A tidy system is about reversing entropy.
Pretty code is often good code, because it’s tidy.
Making the system work more like how you think it works.
Make the system more what it wants to be.
It’s fascinating watching a new complex codebase congeal on a team.
At the beginning in a code base everyone touches everything.
But over time people sort to the part they like best and it auto grows from there.
If they don't actively dislike that area enough to switch, they stay with it by default.
New people don't go into areas that are already well owned by default.
These are rules like “stay in alignment with the team’s goals, avoid crowding neighbors, make sure every bit of code is covered.”
You might recognize these as the three rules of bird flocking behavior.
Emergent order from three simple rules.
Beautiful.
I get excited about the potential of things, even if today it’s only good enough.
I'm used to "of course you survive to see the potential blossom".
That is the default in post-PMF environments.
Someone used to pre-PMF environments will like things that are very good / great today and don’t care much about potential.
Because you have to survive long enough for the potential to blossom.
In a pre-PMF environment, you’re default dead.
Of course in that situation you can’’t survive on potential alone.

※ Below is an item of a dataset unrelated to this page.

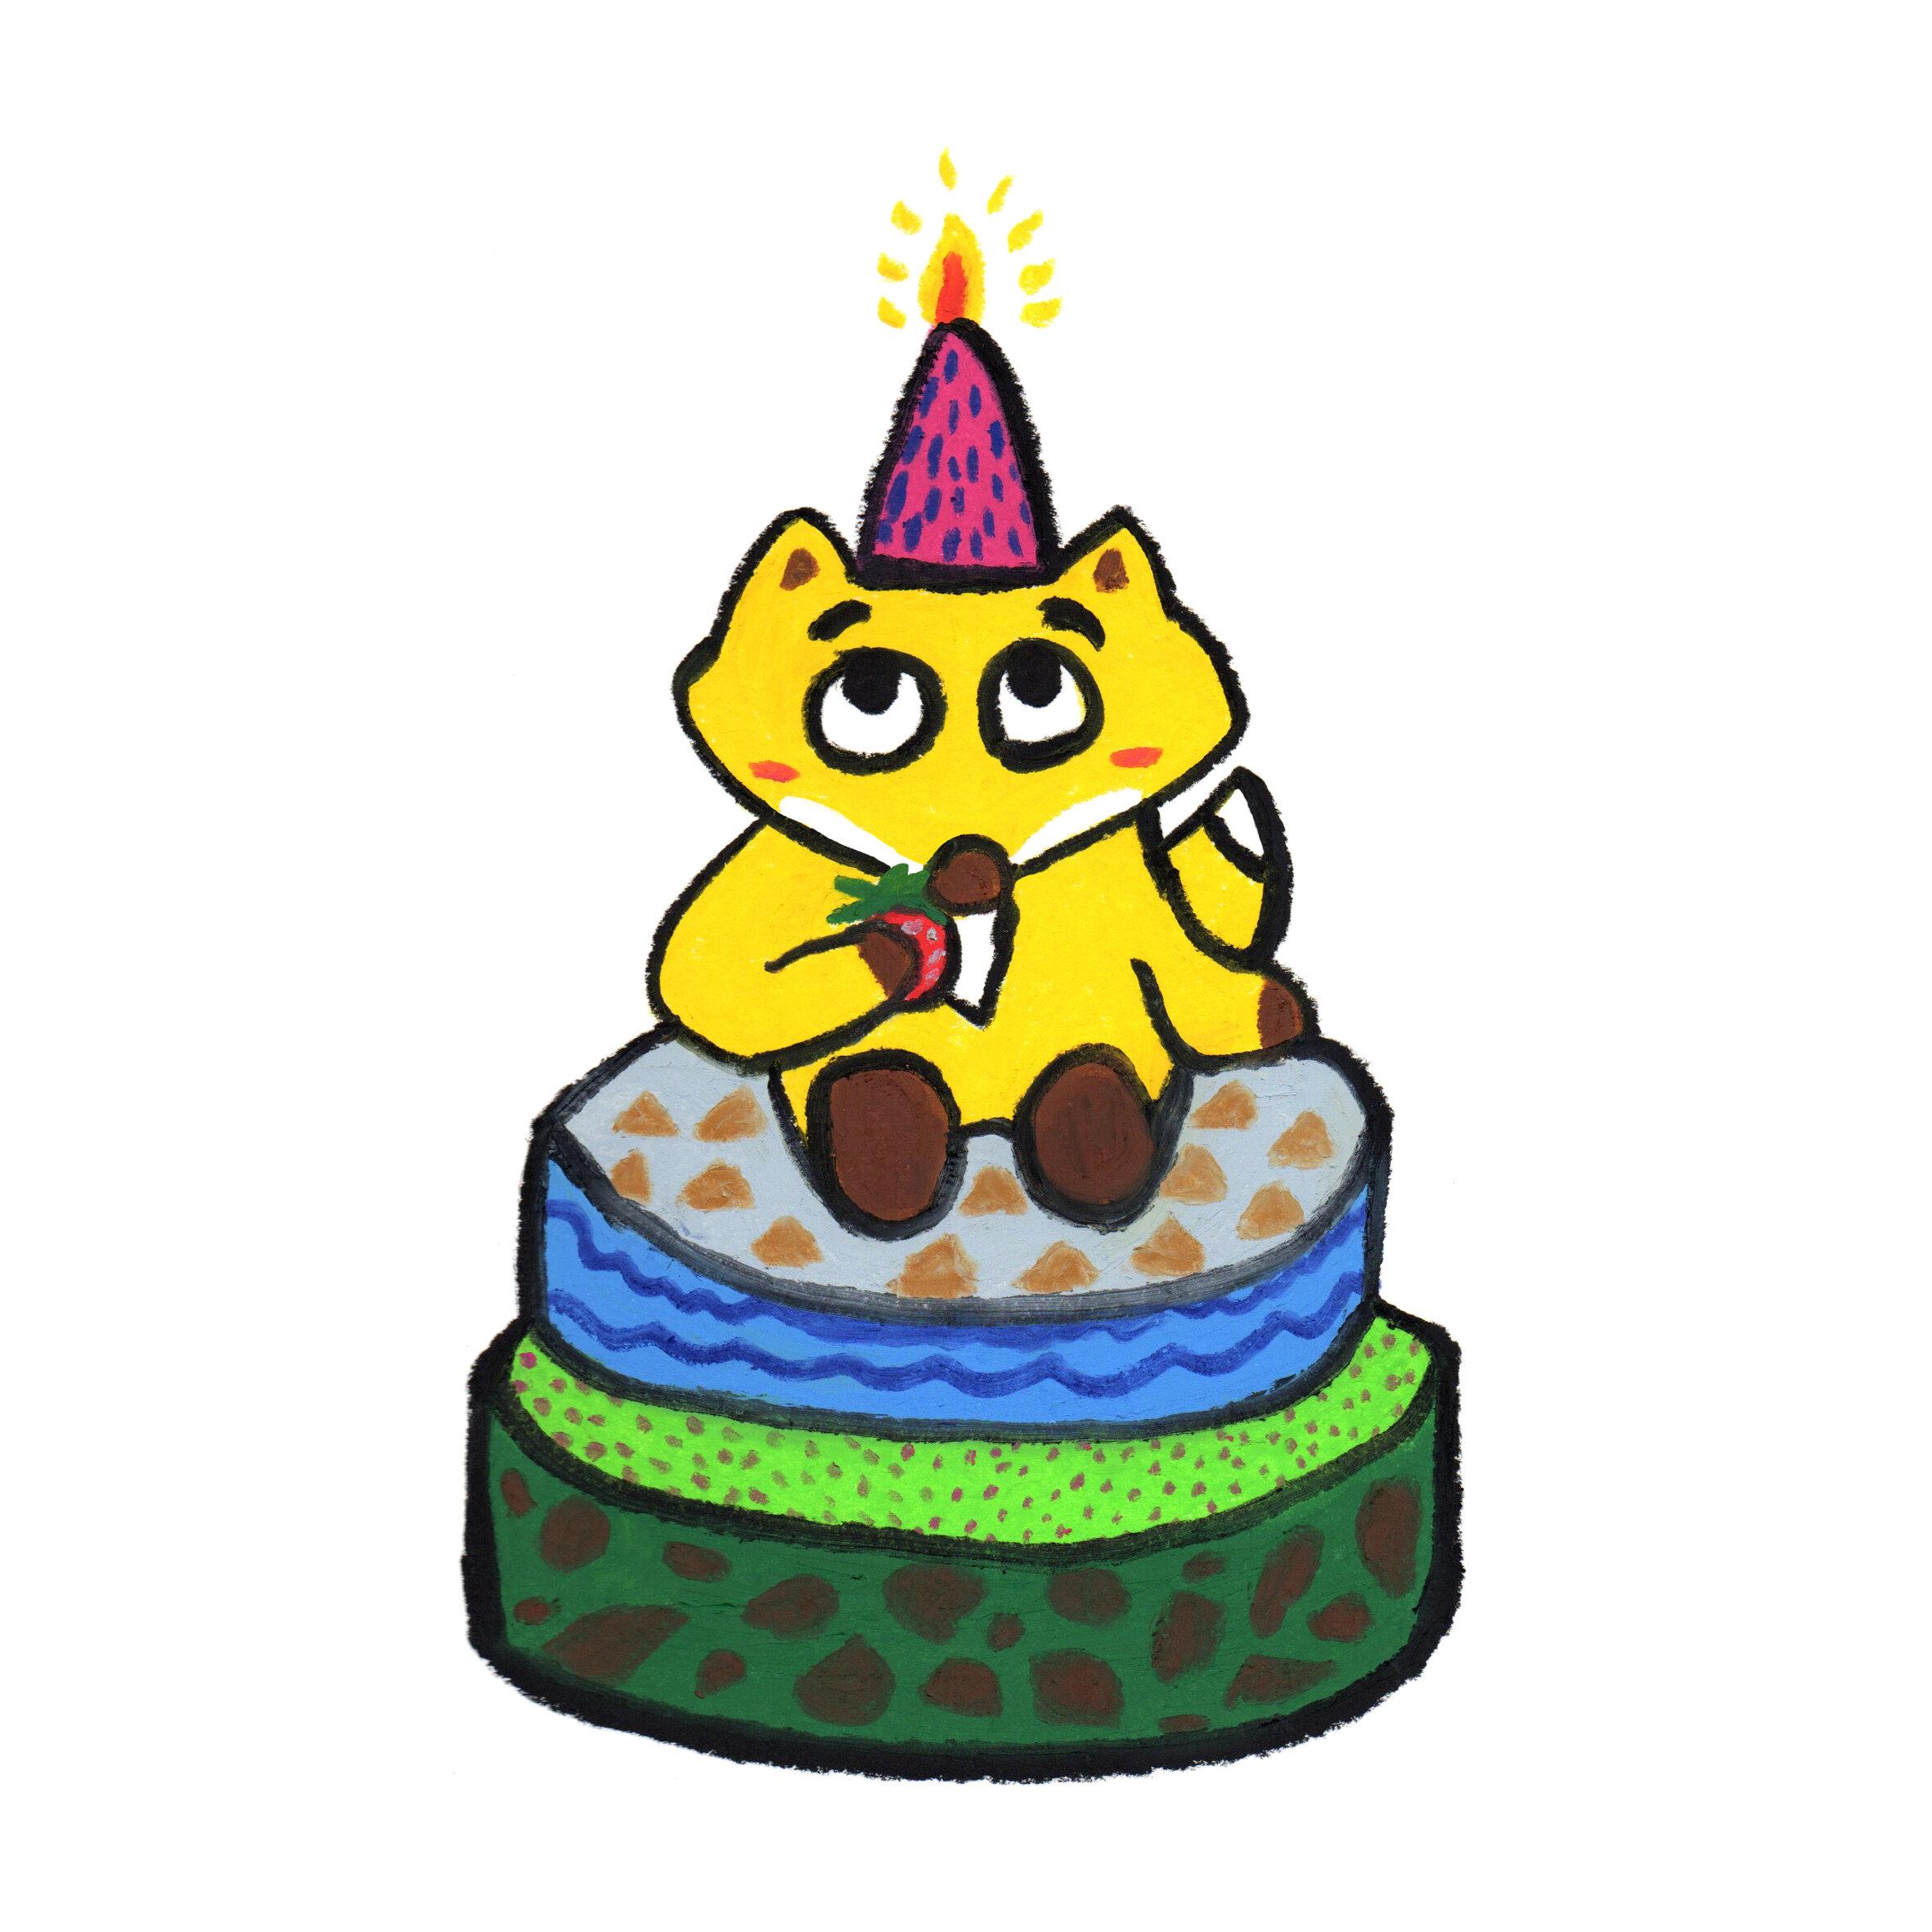 happy birthday 28 years old.jpg

A competent proactive person who is misaligned can do a lot of damage in a pre-PMF team.
The team still doesn’t have a coherent, internally stable direction.

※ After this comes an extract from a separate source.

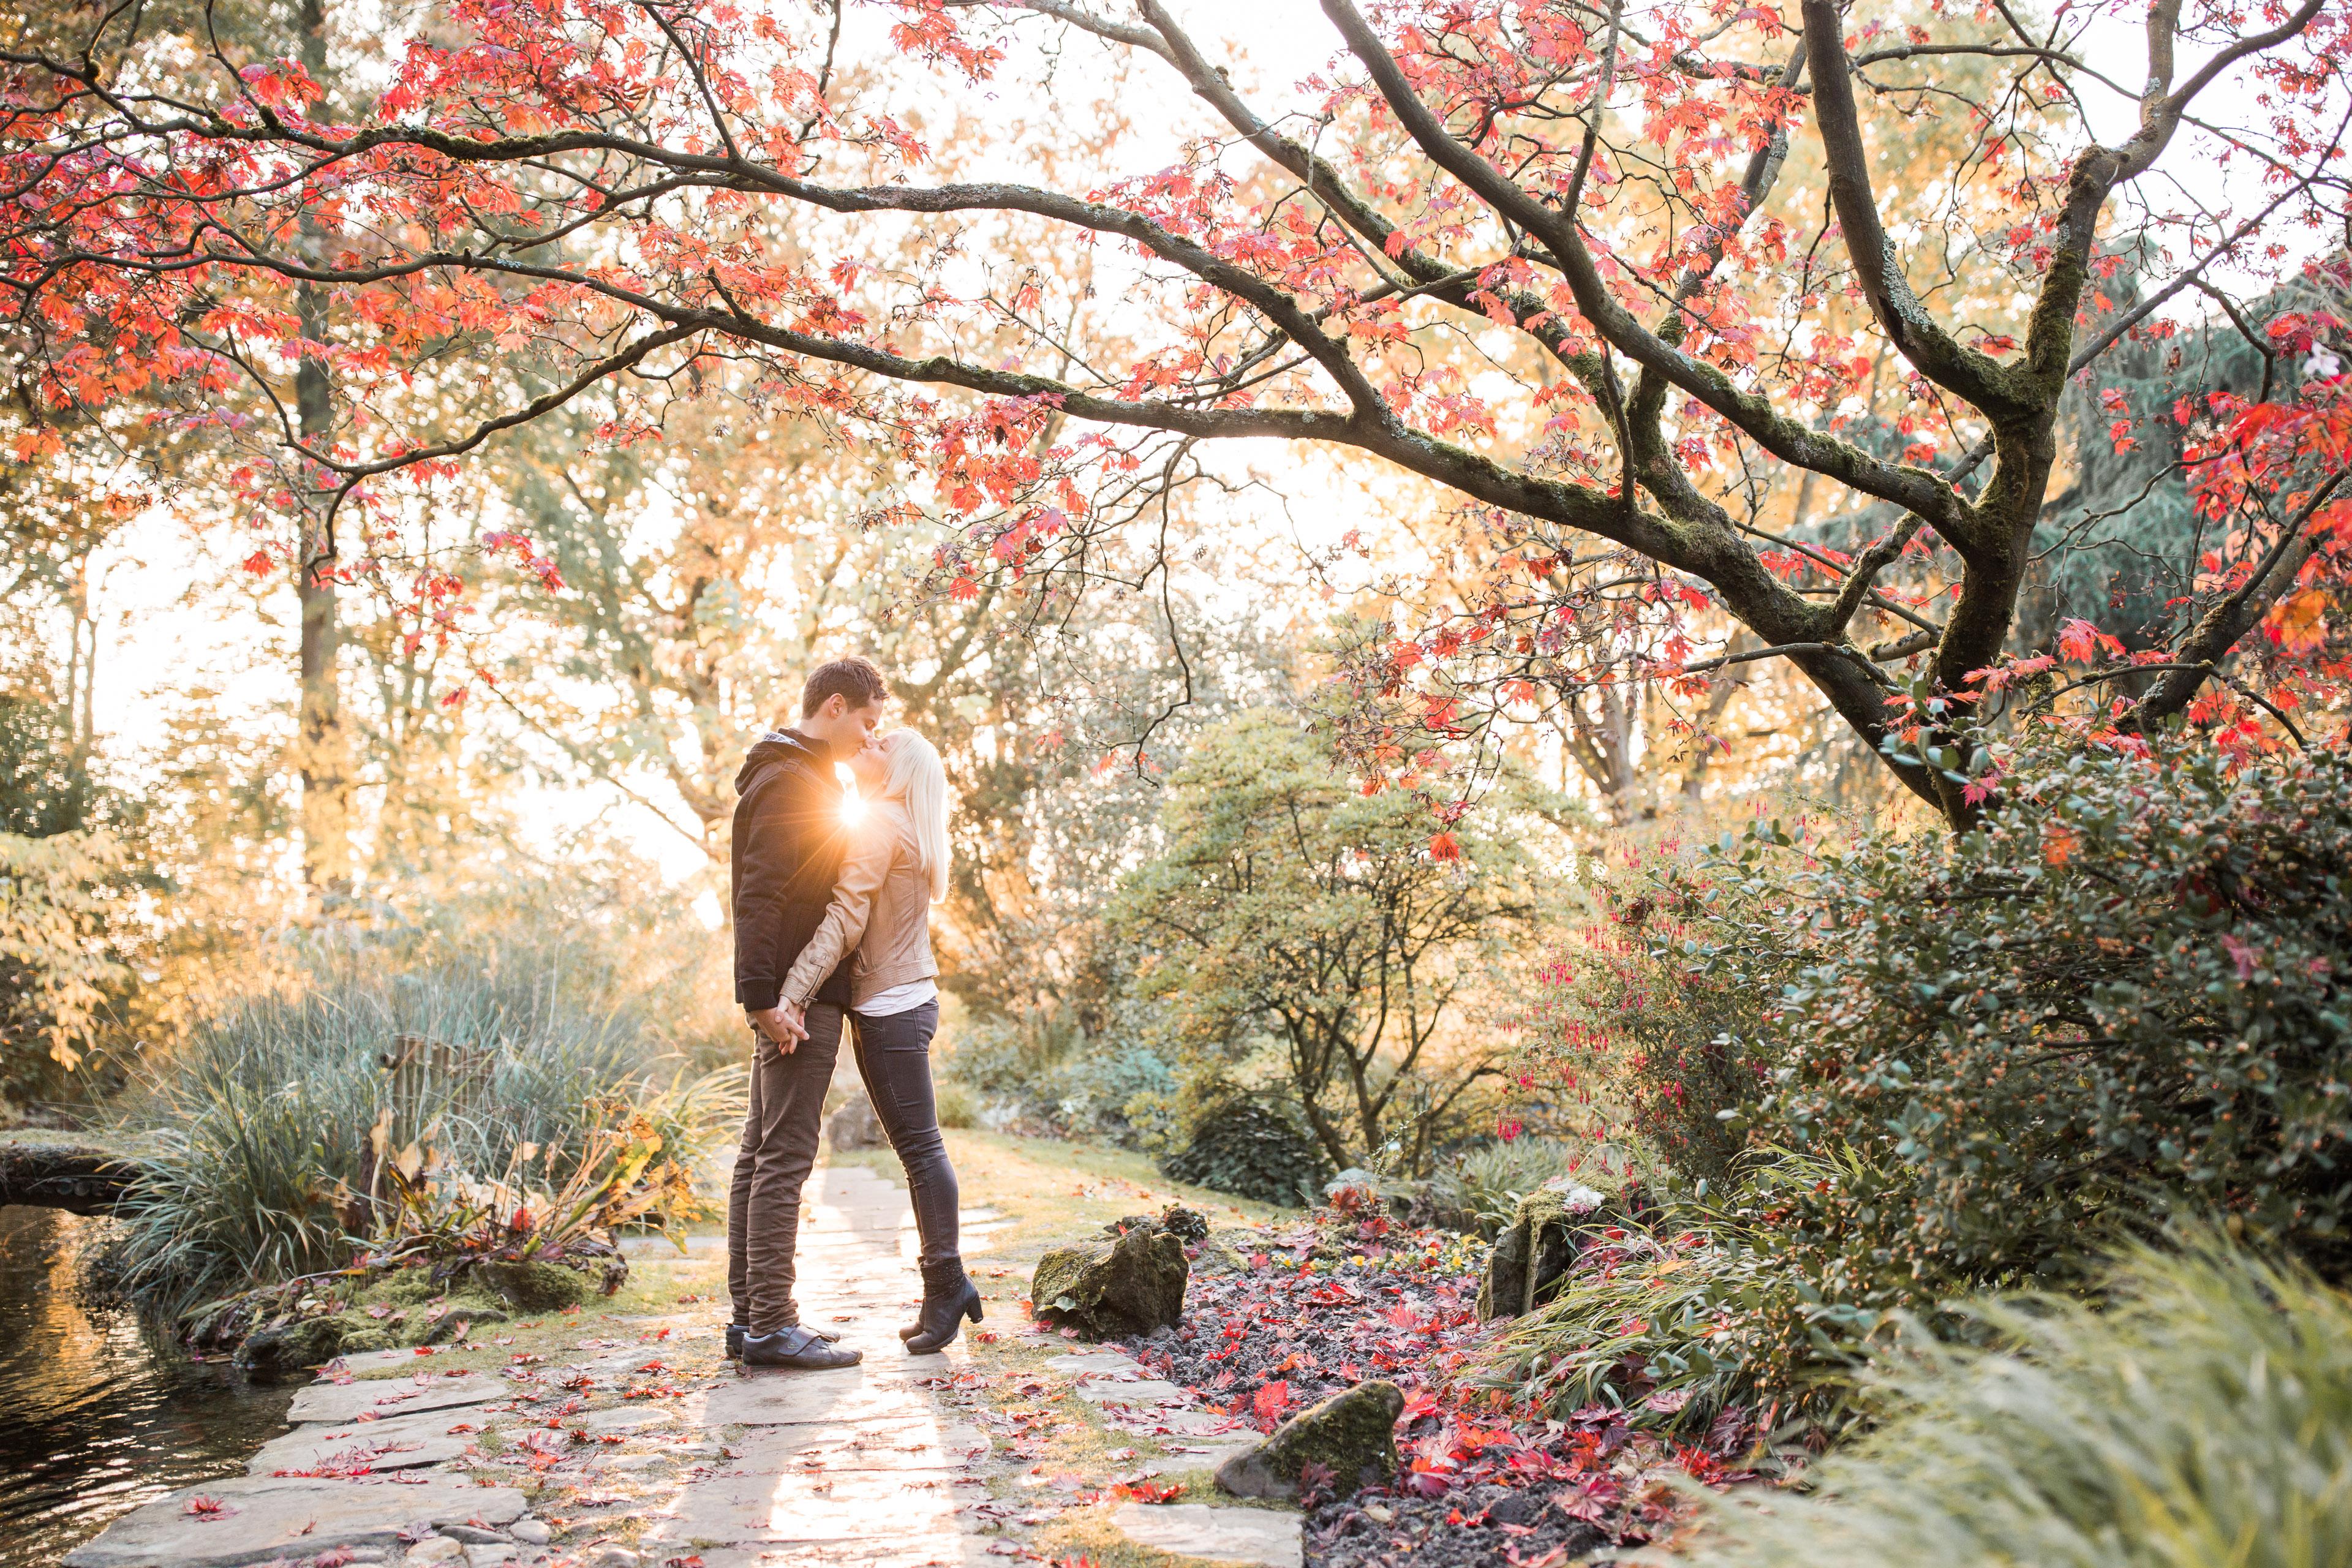 mcp ap019 fotografin verlobung engagement fotos koeln leverkusen

That means the direction a competent person wants to go into could pull the company off course.
This can happen easily with sales people.

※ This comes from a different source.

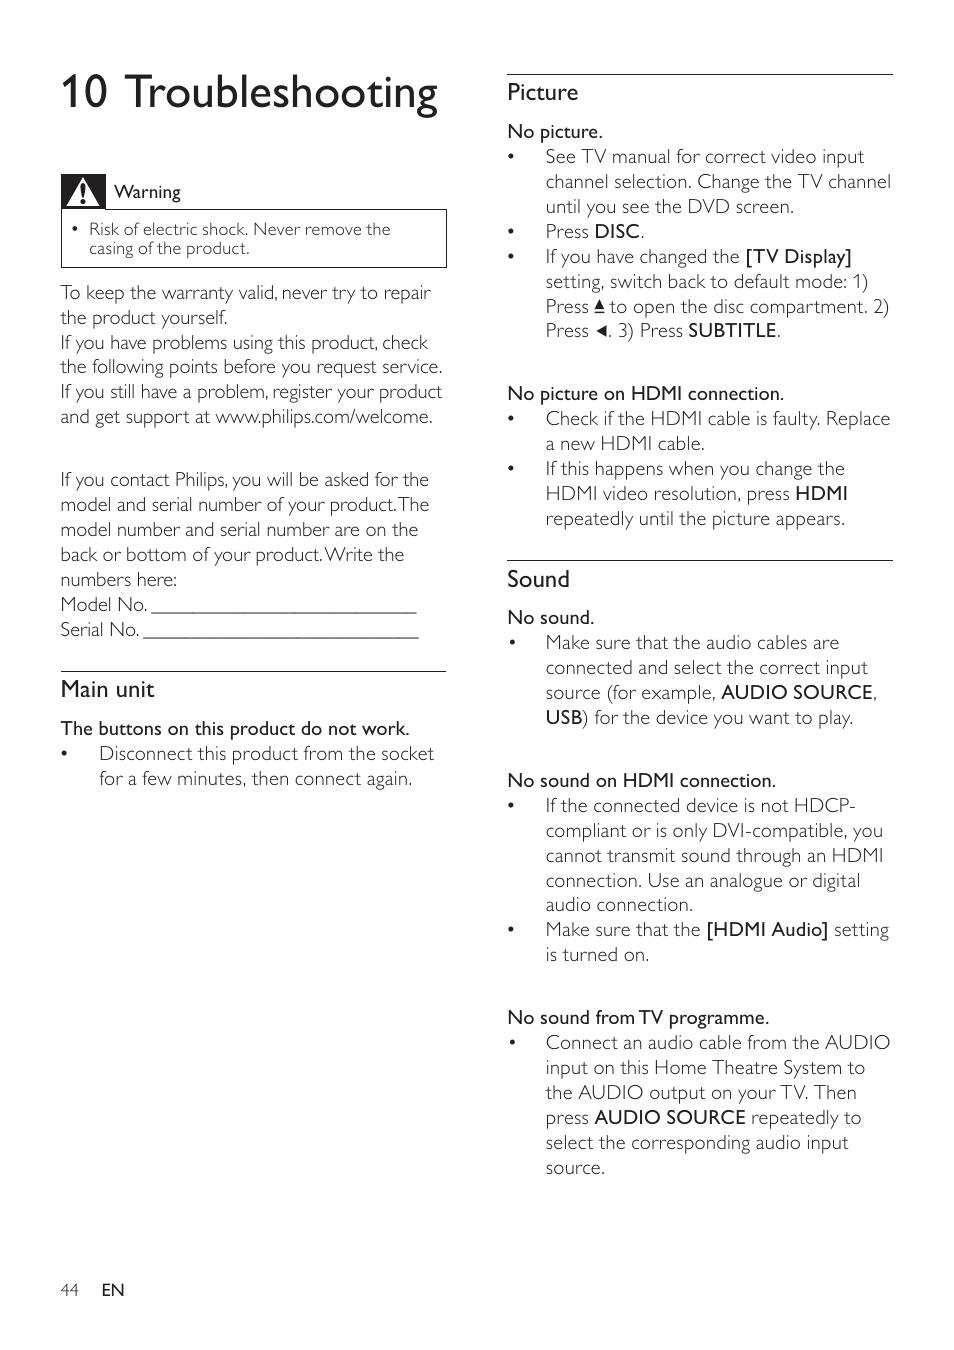 10 troubleshooting   Philips SoundBar HTS6120 User Manual

"I landed this big fish, are you really going to say no??"
A rule of thumb for deep listening.
Don’t respond with a “here’s how that thing you said fits into my world.”
Instead, ask more questions about their world.
Does your conversational turn bring it to your world or let it stay in their world?
Unfortunately, it’s easier to go viral when you lie than when you tell the truth.
That’s because things go viral when they're surprising.
Especially when the surprise is in a “I told you so!” direction.
Lies are easy to make surprising and aligned with what the listener wants.
Another example of a fundamental asymmetry that hollows things out.
The faster society goes, the more this asymmetry gets momentum.
Games have different rules than reality.
When you realize you're playing a game and the physics are only a simulation, lean into the way the simulation is different from the world.
That's where people will continue to assume it works the normal way but it actually works the different way.
That's where the leverage is.
The first step is to realize you’re in a game.
One of the reasons the boy in The Matrix can bend the spoon is because he realizes there is no spoon.
The components of the ground truth can exist in a group but still be obscured by various weeds.
Weeds like empathy issues, personality mismatches, power dynamics, etc.
A system to do the cognitive labor to clear those weeds can make the truth discovery process much more effective.
It's never urgent to plant a tree.
But it’s quite often important.
An idea from stoicism: “in order to be harmed you have to believe you’ve been harmed”.